• What is needed:
Below are records to retype exactly, except for the pictures.

• Records excerpted from a collection:
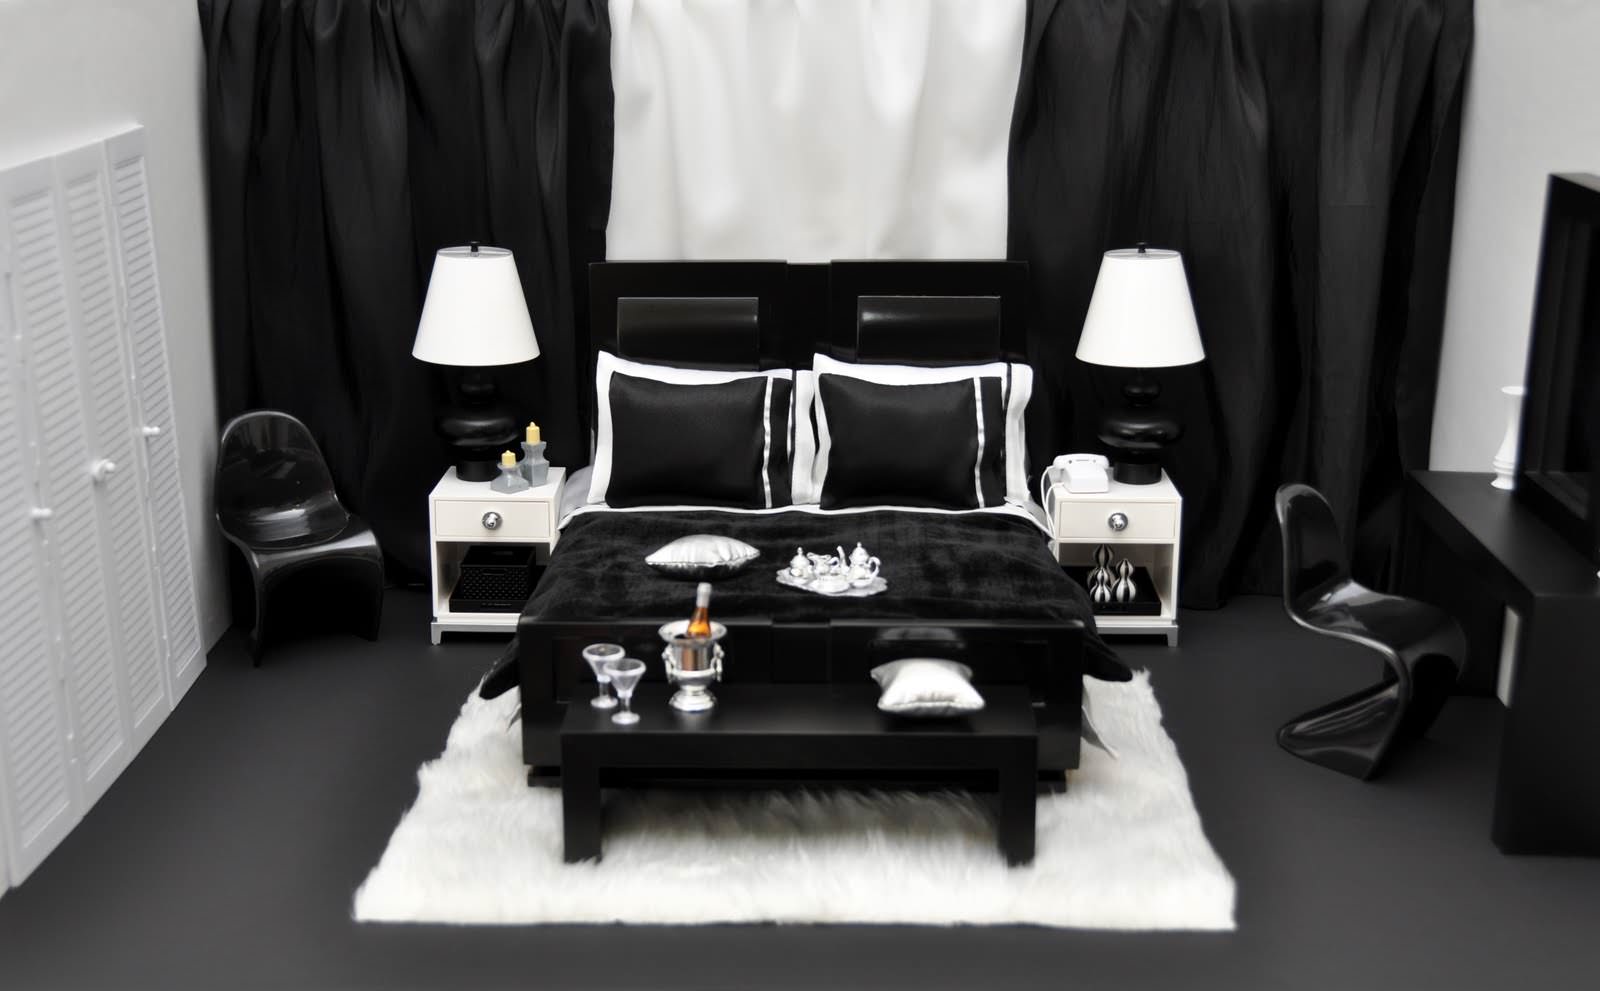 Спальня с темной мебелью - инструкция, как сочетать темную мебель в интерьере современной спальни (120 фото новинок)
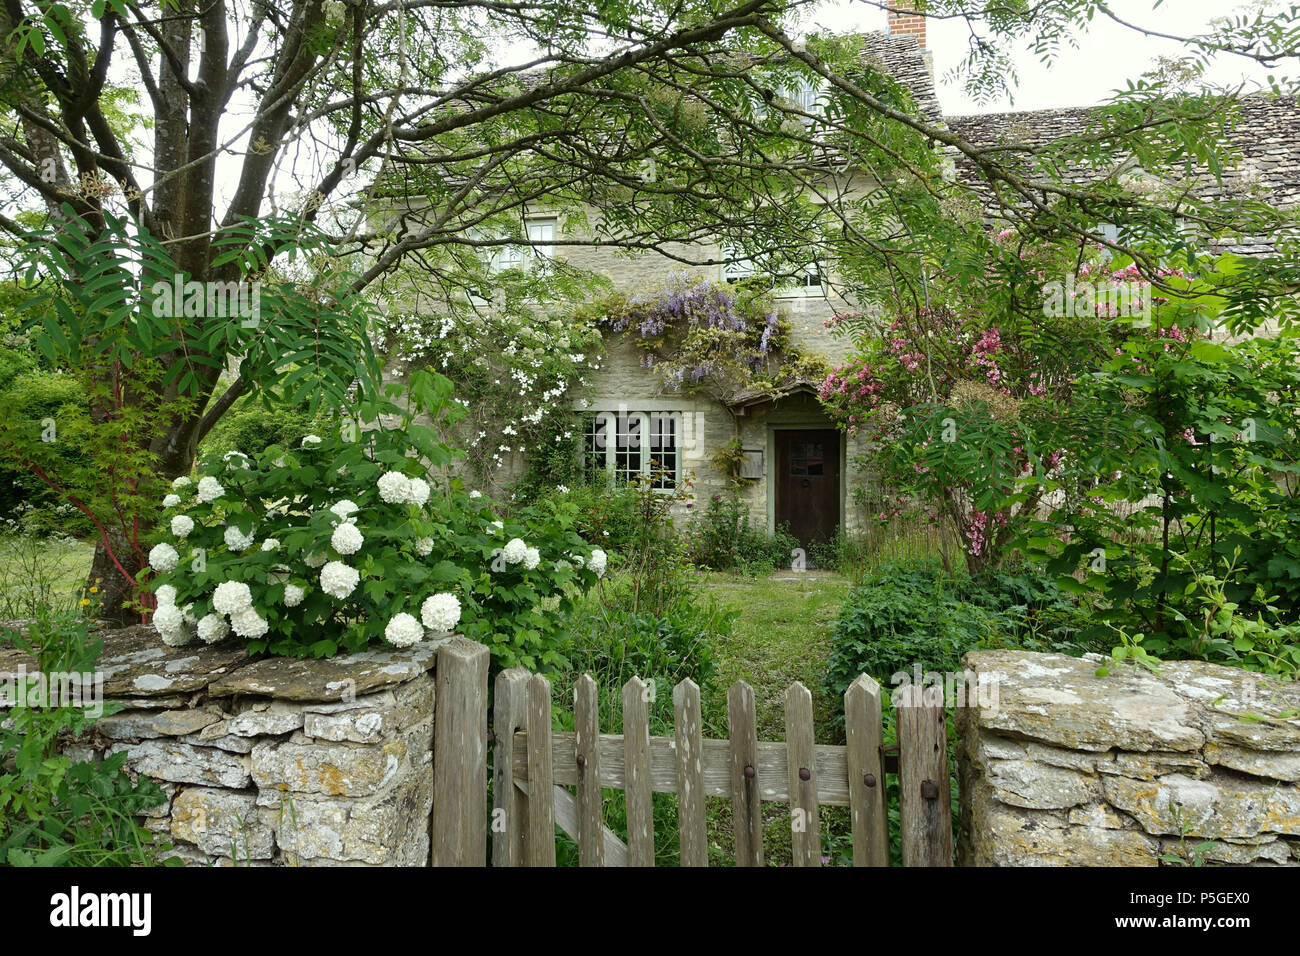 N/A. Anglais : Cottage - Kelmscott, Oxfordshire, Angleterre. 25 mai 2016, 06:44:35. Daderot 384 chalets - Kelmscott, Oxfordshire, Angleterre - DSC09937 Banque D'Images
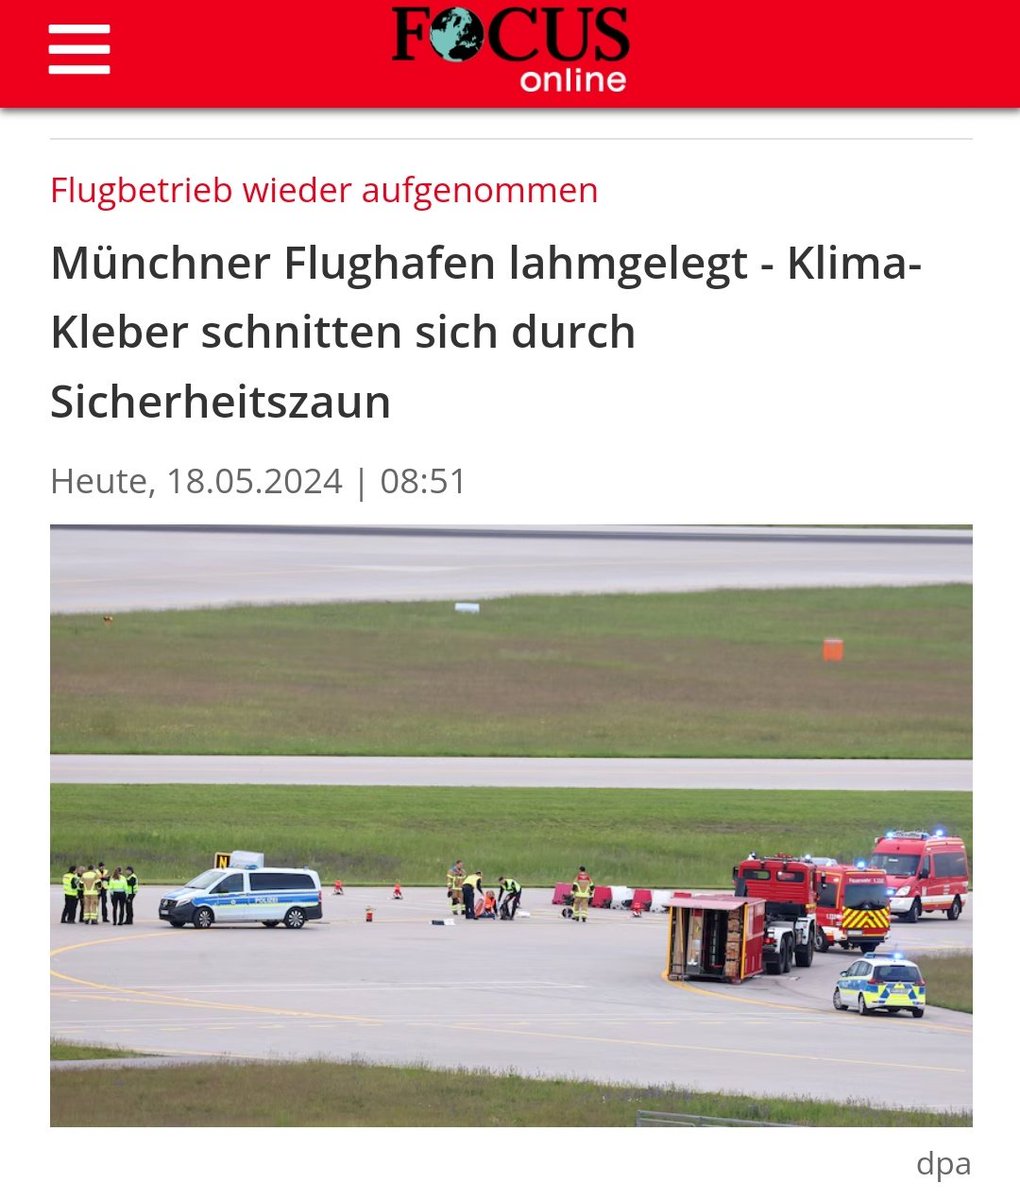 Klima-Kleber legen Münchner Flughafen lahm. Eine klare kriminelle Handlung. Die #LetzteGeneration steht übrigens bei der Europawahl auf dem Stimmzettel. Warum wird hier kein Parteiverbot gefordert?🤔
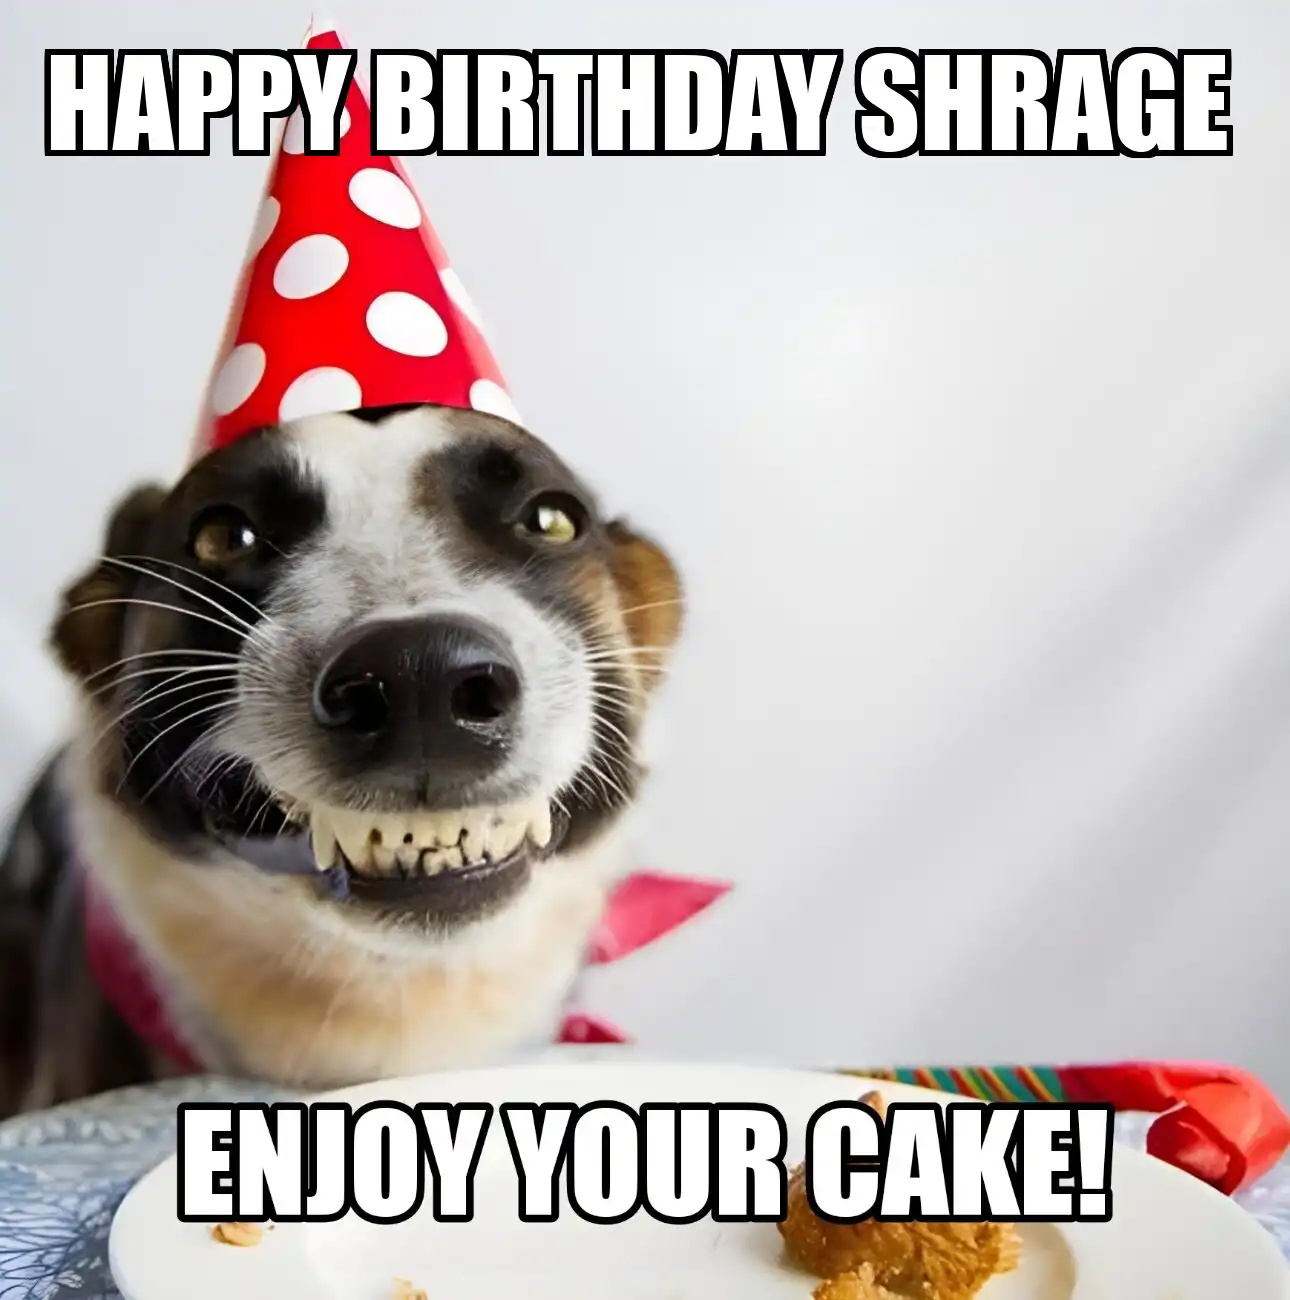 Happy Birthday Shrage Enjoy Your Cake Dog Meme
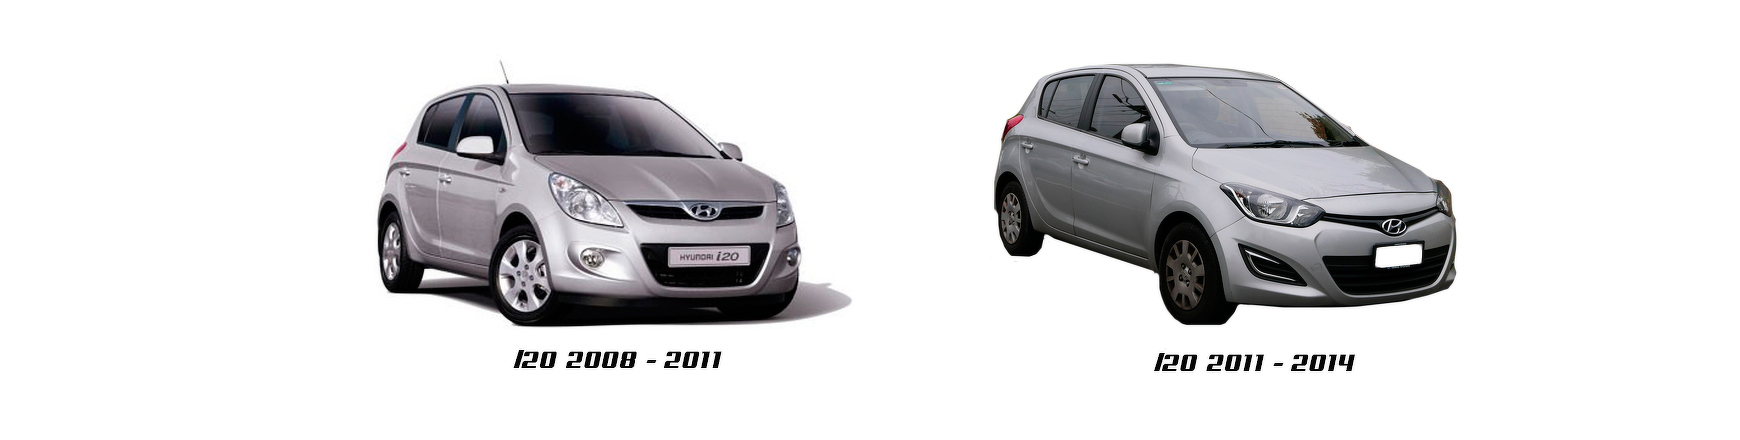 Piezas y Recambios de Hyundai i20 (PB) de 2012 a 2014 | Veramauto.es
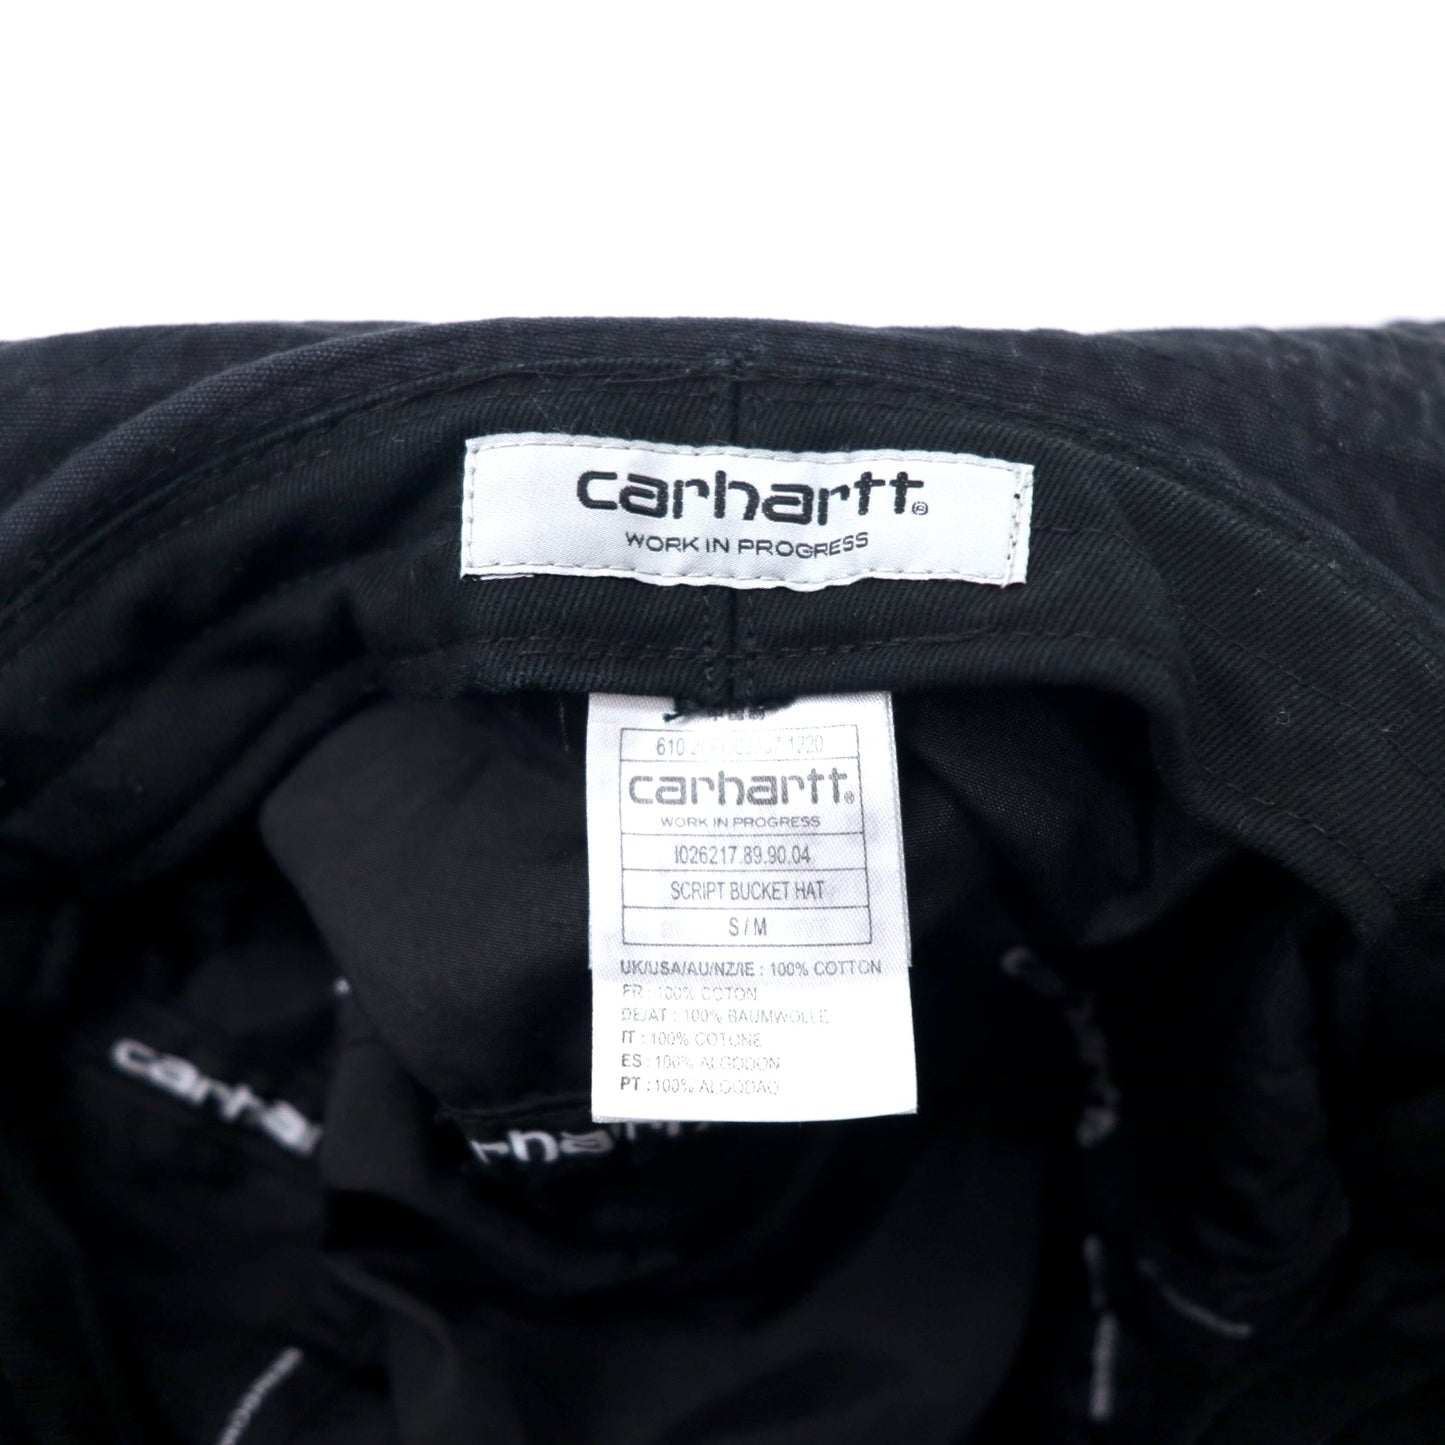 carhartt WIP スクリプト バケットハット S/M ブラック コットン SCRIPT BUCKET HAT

• Reply to the exercise:
 Спальня с темной мебелью - инструкция, как сочетать темную мебель в интерьере современной спальни (120 фото новинок)
 N/A. Anglais : Cottage - Kelmscott, Oxfordshire, Angleterre. 25 mai 2016, 06:44:35. Daderot 384 chalets - Kelmscott, Oxfordshire, Angleterre - DSC09937 Banque D'Images
 Klima-Kleber legen Münchner Flughafen lahm. Eine klare kriminelle Handlung. Die #LetzteGeneration steht übrigens bei der Europawahl auf dem Stimmzettel. Warum wird hier kein Parteiverbot gefordert?🤔
 Happy Birthday Shrage Enjoy Your Cake Dog Meme
 Piezas y Recambios de Hyundai i20 (PB) de 2012 a 2014 | Veramauto.es
 carhartt WIP スクリプト バケットハット S/M ブラック コットン SCRIPT BUCKET HAT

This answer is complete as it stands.